Pen and ink illustration for Joseph Armsteads "The Darkness of Exalted Flesh", appearing in Wicked Karnival #7. I really took my time on this one, and I finished it up around 50 hours. Original is about 8 1/2" x 11. Here's an excerpt from the story, for those interested:
"She was at least six feet tall and looked to weigh no more than one hundred and thirty pounds, slender and muscular with wide shoulders and a narrow waist, the figure of a dancer or that of a track and field athlete, yet her flesh was bluish-gray, flaky and scaled, and it had the look of toughened leather. Her face was sculpted beauty, like that of an haute couture fashion model, aristocratic and slattern at the same time, and her almond-shaped eyes were a striking shade of violet. Her hair, which fell down to her waist, was a dry, frizzled rat’s nest of deepest black and there were dirty silken ribbons festooned with white animal bones and multicolored bird’s feathers laced through her tumbled tresses.
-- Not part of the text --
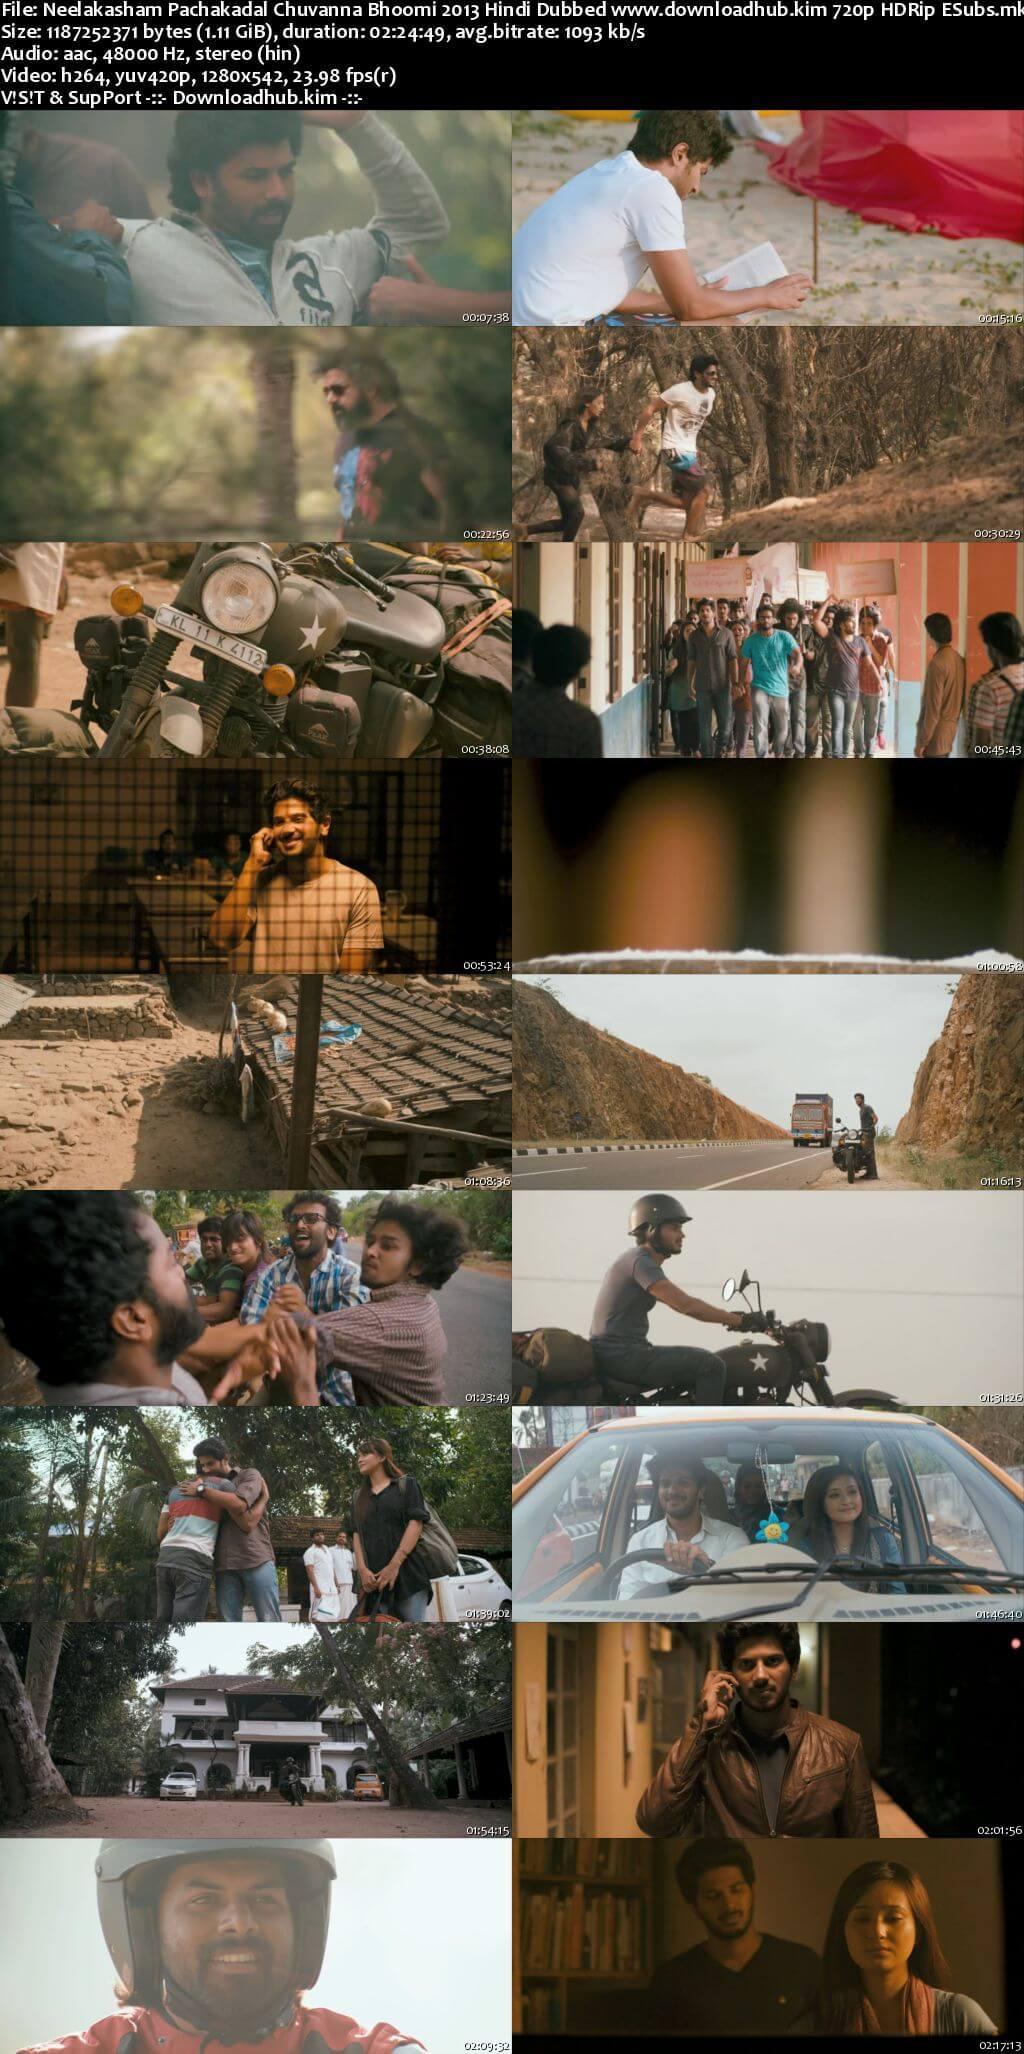 Neelakasham Pachakadal Chuvanna Bhoomi 2013 Hindi Dubbed 720p HDRip ESubs

She was covered in tribal tattoos, blue and red ink deep into her flesh, interlocking serpentine designs, and she was pierced, cruelly, by silver loops and hooks through her clavicle, the distended nipples of her bulbous naked breasts, through her navel, and she was punctured by a set of thick silver needles along the sides of her rib cage.
The nightmare truly began at the fold of skin under her taut belly… she had been flayed open, her womb and sex organs laid bare, stripped of flesh, and it was as red and as wet and feverish –looking as if it had happened only moments ago. Vapors of steam wafted off the massive exposed wound. Both her long, shapely legs, too, were stripped of their fleshy envelope, so only exposed lengths of muscle fiber and ligaments covered the skeleton of her lower limbs.
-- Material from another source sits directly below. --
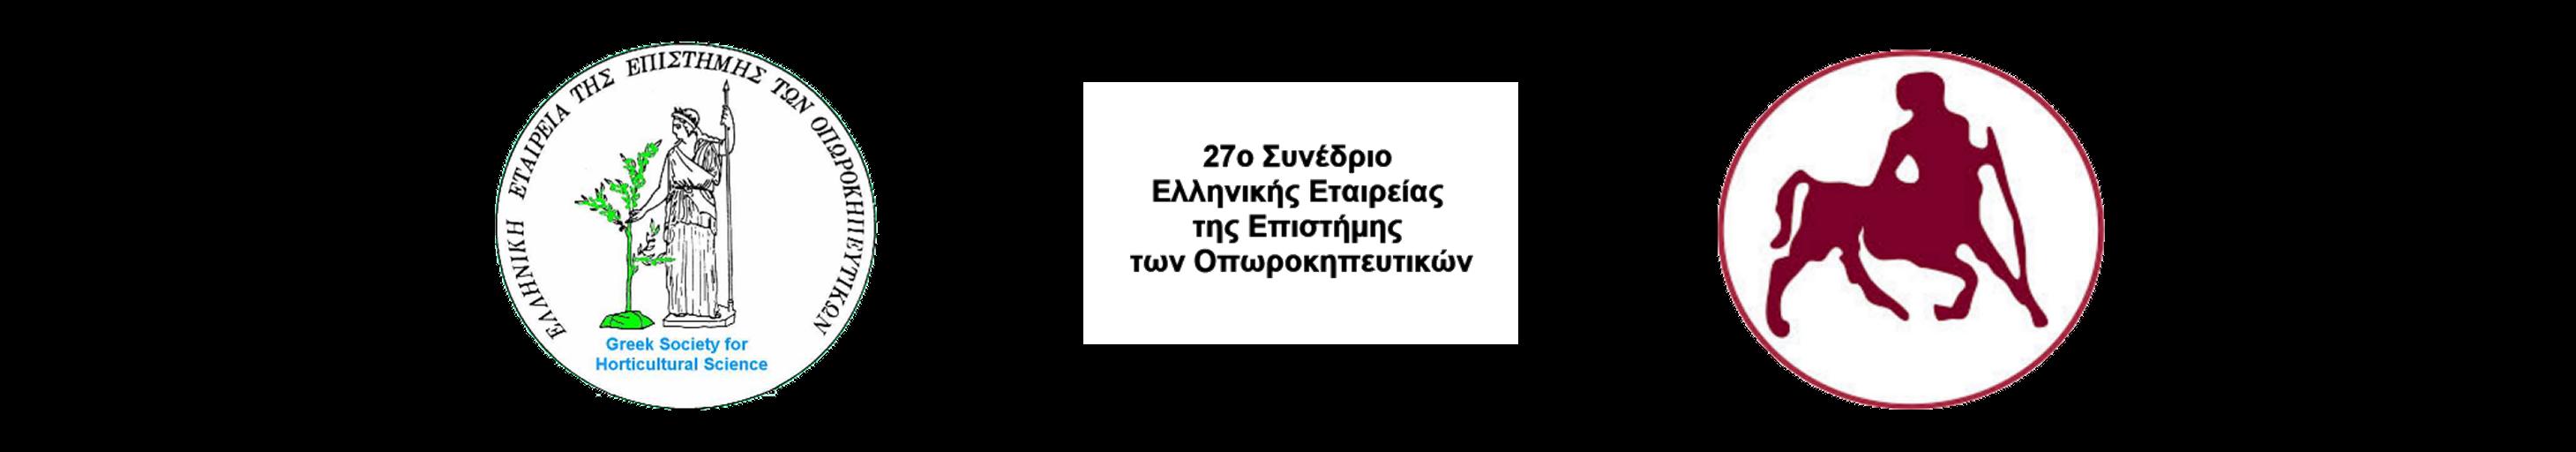 27ο Συνεδριο Ελληνικης Εταιρειας της Επιστημης των Οπωροκηπευτικων

Attached to a wide leather belt, the only clothing that adorned her body, was the severed head of some monkey or apelike being, riding on each hip. The mouths of the decomposing heads were stuck open in a silent, perpetual scream of agony."
Thanks so very much. This is one I really tried to take my time on, and it's one of the few things I've drawn that I'm still pretty happy with. Normally, I lose interest on them, and rush the last part.
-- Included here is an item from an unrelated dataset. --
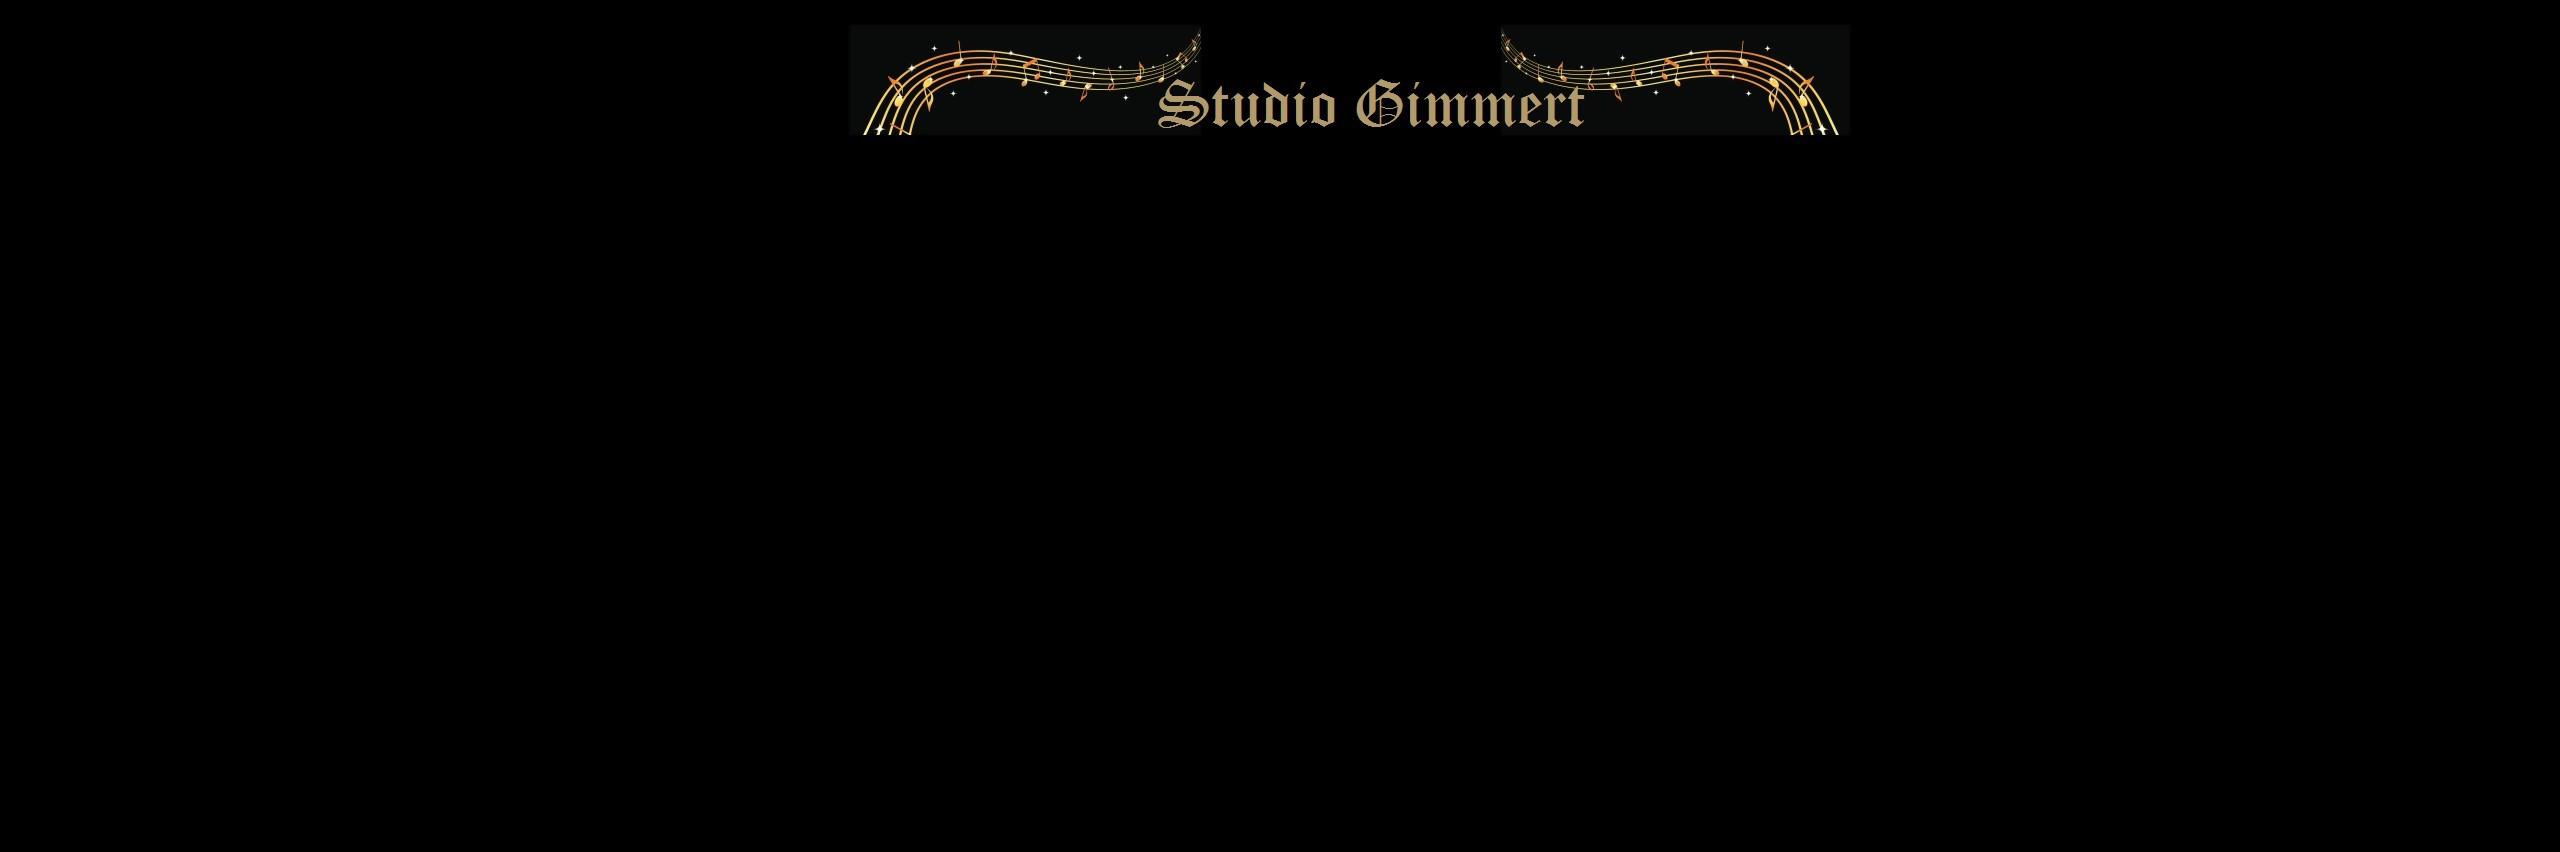 Studio Gimmert

That was my problem for years. If you look at my older stuff, the backgrounds are always black. It wasn't so much stylistic as it was me covering up a rushed background or foregoing a background completely! I just force myself to concentrate on all the components now.
Ha ha yeah. I do that. Mainly because I do tons of tshirt art. But I have trouble making a black background. idk how. lol. I would always erase till it looked faded into. lol.
It is extremely difficult. I've been asked to do a couple, and I had a VERY tough time creating an attractive image that would transfer well. I give you credit, bud.
Absolutely amazing details and an excellent background. Really great atmosphere. Strange I haven't payd attention to this one before; I've browsed your gallery multiple times.
The way you drew the blood is a pity, though. I've seen a few other drawings where you drew the blood the same way: a lot of really thin drippings that connect like a web. That's the only negative thing about this drawing. As for the rest of the drawing, I envy you.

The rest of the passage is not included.